Mais à force de la dénoncer, on risquait de produire l'effet
qu'on voulait éviter. Faut-il parler le moins possible d'un
procédé que l'on condamne afin d'essayer de l'empêcher
d'atteindre son but? La réponse est difficile, je le reconnais,
mais il faut se poser la question. Les médias romands
semblent connaître maintenant ce que les médias
alémaniques ont vécu quand l'UDC a commencé à
progresser. A l'époque, la question du style et des
méthodes de l'UDC, celle des limites du tolérable étaient
très présentes en Suisse alémanique. Aujourd'hui,
beaucoup moins. Durant la campagne, des journaux
alémaniques comparables au Temps n'ont guère insisté sur
cet aspect. Je pense qu'ils sont devenus plus sensibles au
souci de ne pas faire de la publicité sans le vouloir à ce
parti. Peut-être maintenant comprennent-ils mieux aussi
que les médias romands ce qu'est l'UDC.
- Les médias audiovisuels sont légalement tenus à un
équilibre rigoureux, mais la presse écrite a le droit de
s'engager dans une campagne. Est-ce cela qui n'est pas
compris par le public?
- Non, je ne crois pas. Il est légitime que les médias
s'engagent, et le fait qu'ils ne soient pas suivis dans les
urnes est plutôt un signe de bonne santé démocratique.

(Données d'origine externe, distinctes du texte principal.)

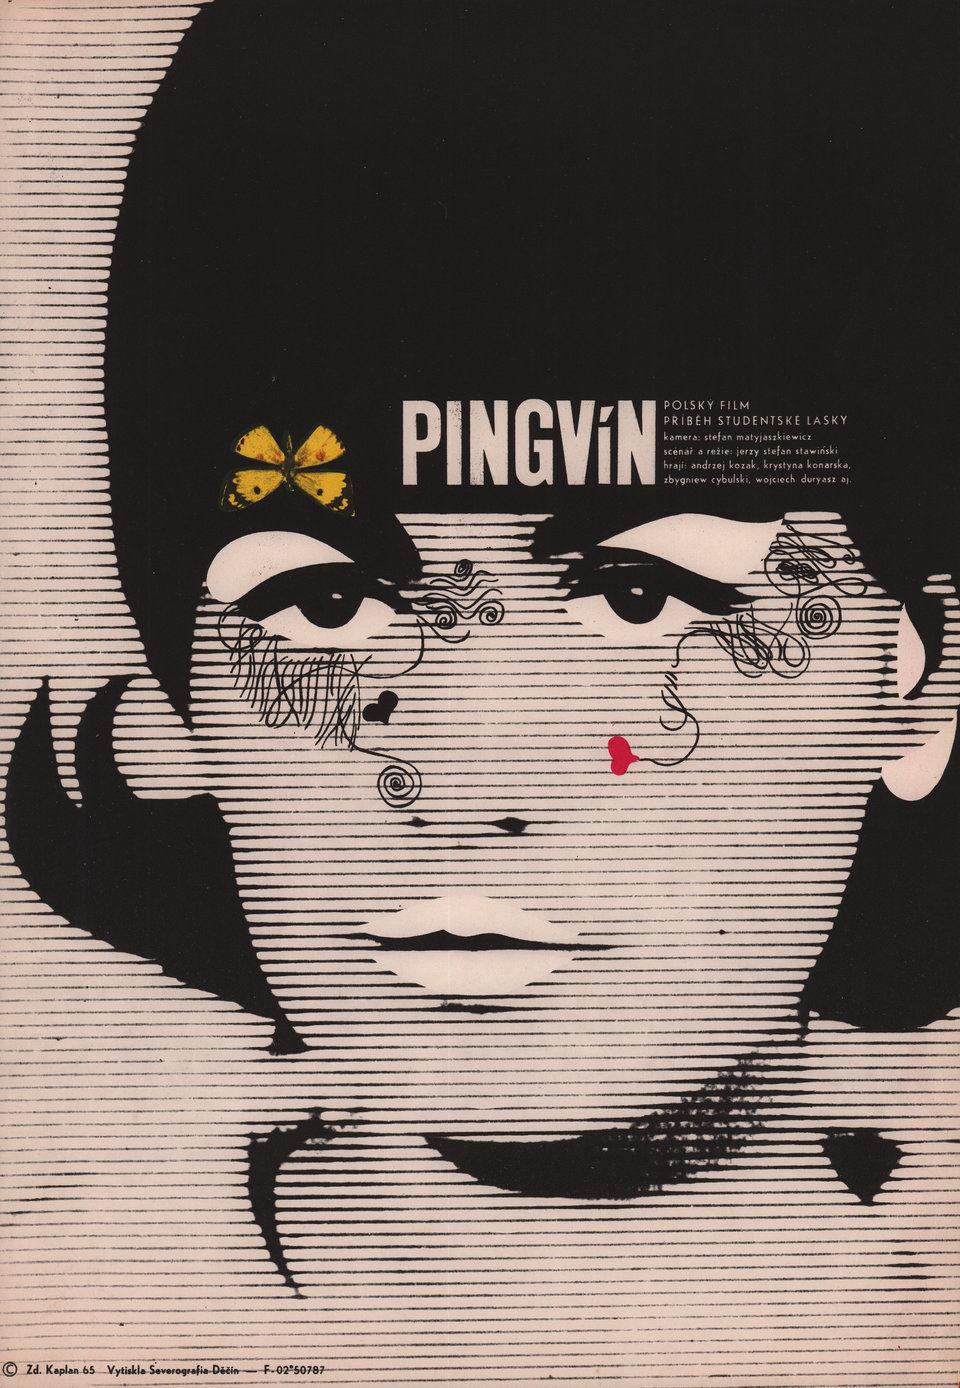 pingwin-1965-original-czech-movie-poster

Mais ce qui est important, c'est que les partis aient la
possibilité de présenter leurs idées dans les médias.
- Les médias sont attaqués à gauche par ceux qui leur
reprochent de se laisser utiliser par l'UDC et à droite par
ceux qui critiquent leur tonalité trop uniforme de centre
gauche. N'est-ce pas le signe que les médias remplissent
leur fonction critique?
- L'argument me laisse sceptique. D'un point de vue
démocratique, il devrait y avoir de la place pour les
propositions de tous les partis. Celles de l'UDC sont sousreprésentées, ou elles ne sont pas toujours rigoureusement
présentées. Je pense à ce qu'a dit Christoph Blocher sur
l'exclusion des socialistes du Conseil fédéral. Il s'est affirmé
favorable à la concordance, mais a relevé qu'en réponse
aux attaques contre la représentation de l'UDC au
gouvernement, il faudrait se poser la question de la
présence des socialistes. On ne peut pas résumer en disant
que Christoph Blocher veut sortir les socialistes du Conseil
fédéral. Je me souviens aussi que le matin après la
publication du rapport de la commission de gestion, des
journalistes m'ont immédiatement appelé et leur première
question était: va-t-il se retirer? L'après-midi, on voyait
déjà quel intérêt l'UDC pouvait retirer de l'affaire.